What matters: belonging.
On the matter of hair, I had to break the news that she would never have lustrous, dark, straight hair like her classmates. I could not braid it into thick braids. It barely holds a clip, and I have to use orthodontic rubber bands to make pigtails. But while she can admire their lovely hair, I pointed out, she also has lovely hair, and it is very special to me.
“You know, I’m glad you have curly hair,” I said, “Because I do too.”
She liked that. “We’re like each other,” she said with a smile.
(Cue Mom tears.)
She has not brought up the hair issue since. She often admires other girls’ bows, braids, and shiny brown hair, but she also comments on how much she likes her own hair when it swoops over her forehead, or when the curls make complete spirals.
She feels secure, and so she is generous with others and herself.
Integration is not ignoring our differences. It’s the opposite. By being different and staying together we can make sure everyone has a grip on what matters. Everyone has what they need. Everyone has a place to belong. Those same teachable moments are for the parents, the aspiring integrationists, as well.
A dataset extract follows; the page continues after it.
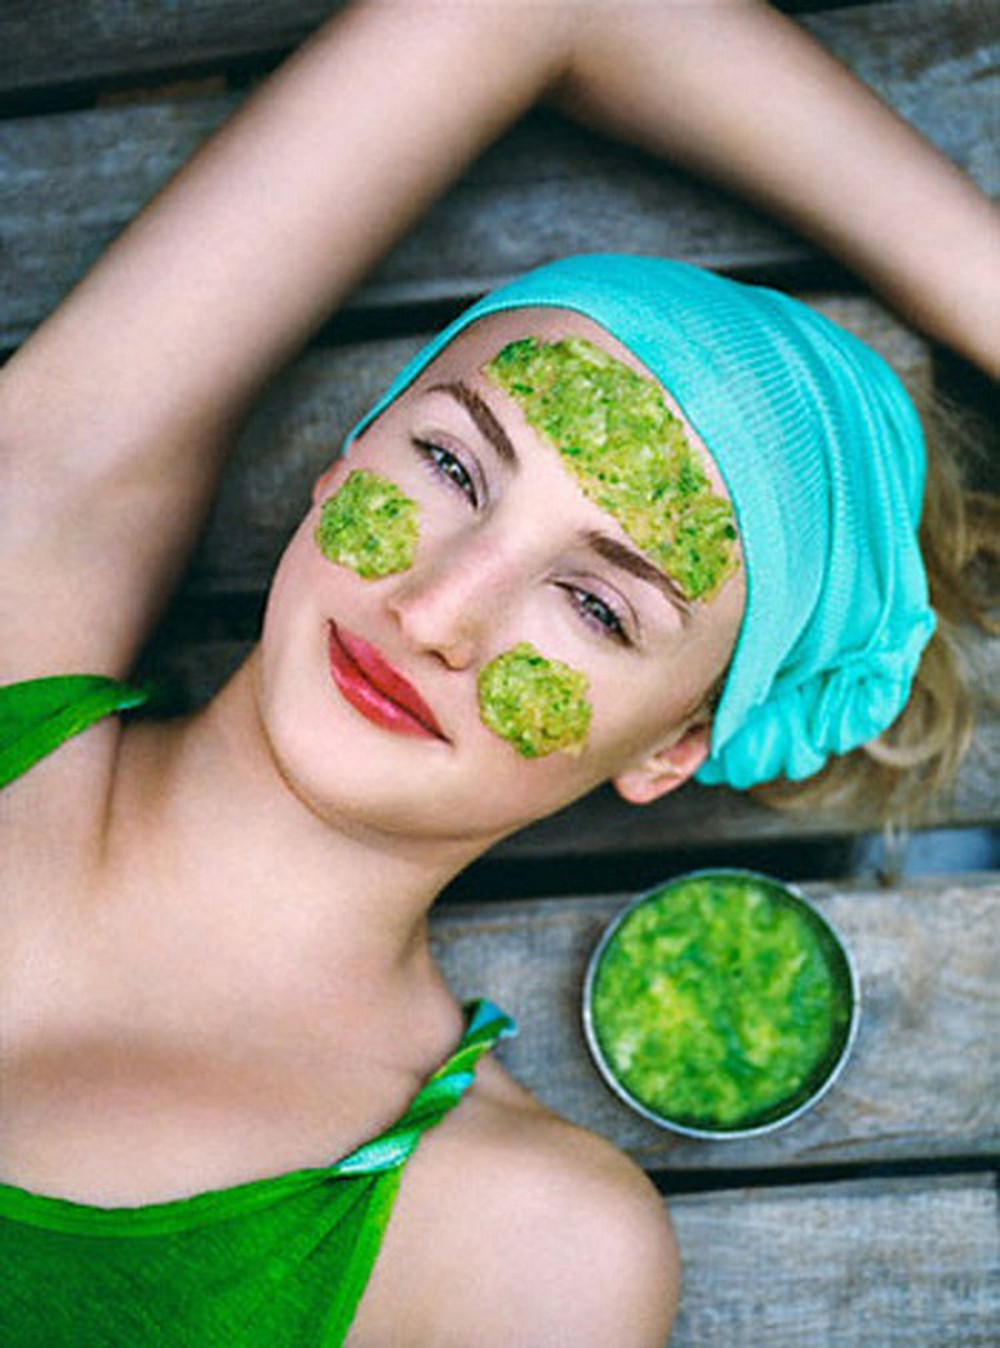 PunjabKesari, Wrinkles home remedies Image, Wrinkles Image
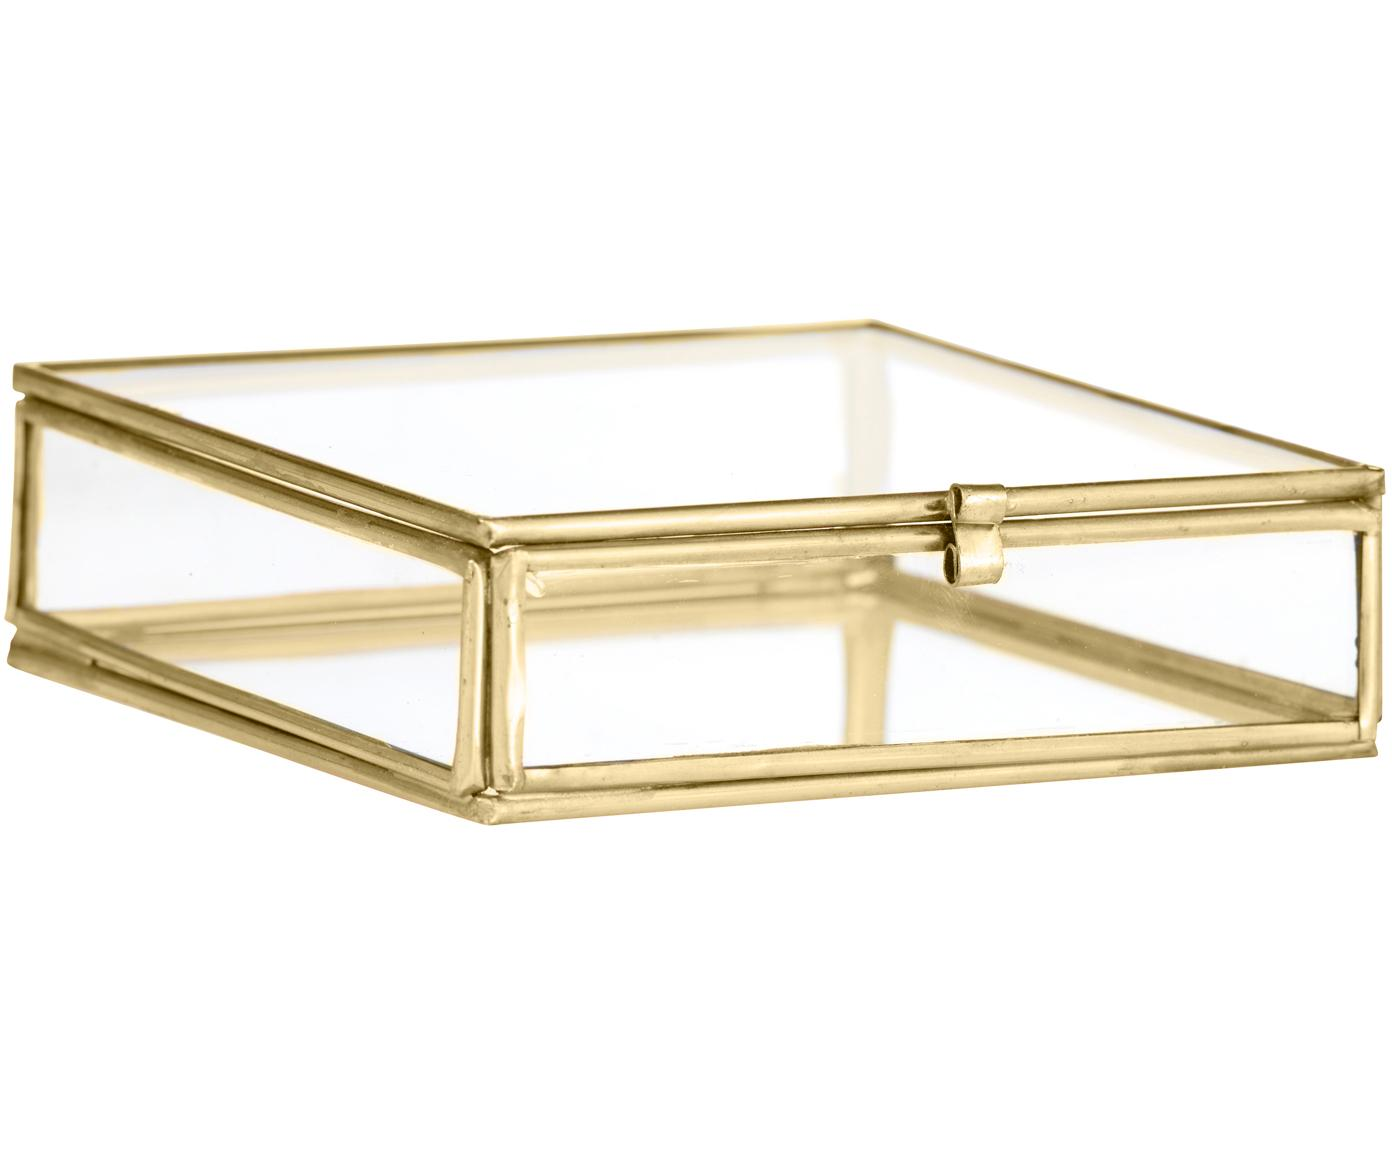 Portagioie Ivey, Struttura: metallo rivestito, Ottonato, Larg. 11 x Alt. 4 cm

What matters: economic justice.
We live in a world where some kids have no pencil boxes, some kids have cool pencil boxes, and some kids can run out and replace their pencil box whenever they need to. The growing gap between those who depend on the extra-supplies closet and those who stock it should not exist. But it does, and now that we know, what will we do?
Will we just re-stock the closet with our plenty, or will we fight for enough to go around in the first place?
What matters: representation.
I didn’t worry that Moira would never realize she is beautiful. She is damn near identical to the standard of beauty that our culture has been promoting and celebrating for centuries. She’ll figure out soon enough that her parents, grandparents, and random strangers aren’t lying to her.
But those people in the positions to define what is “beautiful,” “professional,” “classy,” and “appropriate” need to see beyond the Moiras of the world. She is one of a million ways to be beautiful. Our board rooms, marketing firms, artists, media producers, and decision makers should look like those million other ways, so that they recognize them when they see them.
Fitting in is a lot easier when you all exist in the same economic and racial America. You know the rules, you know the code. I often hear the pro-segregation argument, “people just like to be with their own.” Birds of a feather. I get that: No one likes to feel isolated or alone in the crowd. But we can build a community based on more than economic and racial likeness. We can preserve the importance of those lived experiences without perpetuating the inequities that come alone with them. We can build society on more than Gushers or Fruit Roll-ups, who has, and who does not. I want my kids to know how to build a community based on what matters, and that’s something that we are going to figure out together.
1 thought on “The Integration Diaries: School supplies and hair bows”
I am Anglo, and grew up in Dallas when DISD was majority white. I attended three elementaries in vastly different neighborhoods. My favorite was Lipscomb in Old East Dallas, which was the most diverse. Although it too was majority Anglo, there was enough diversity to make it feel like a mini-United Nations. My closest friend’s mother was a Chicago-born Anglo, whose father was Arab. I also was friends with boy and girl twins from Mexico and another child from Oklahoma who was Native-American. Besides the racial diversity, there was economic diversity as well. Some of my friends lived in the mansions on Swiss Avenue, others in nice but modest homes, while some, like I did, lived in the cheap apartments created when some of the large, old houses were converted from single-family dwellings. I learned far more than the basics of reading, ‘riting and ‘rithmetic during my years there from 1964 to 1968. I will always cherish that experience.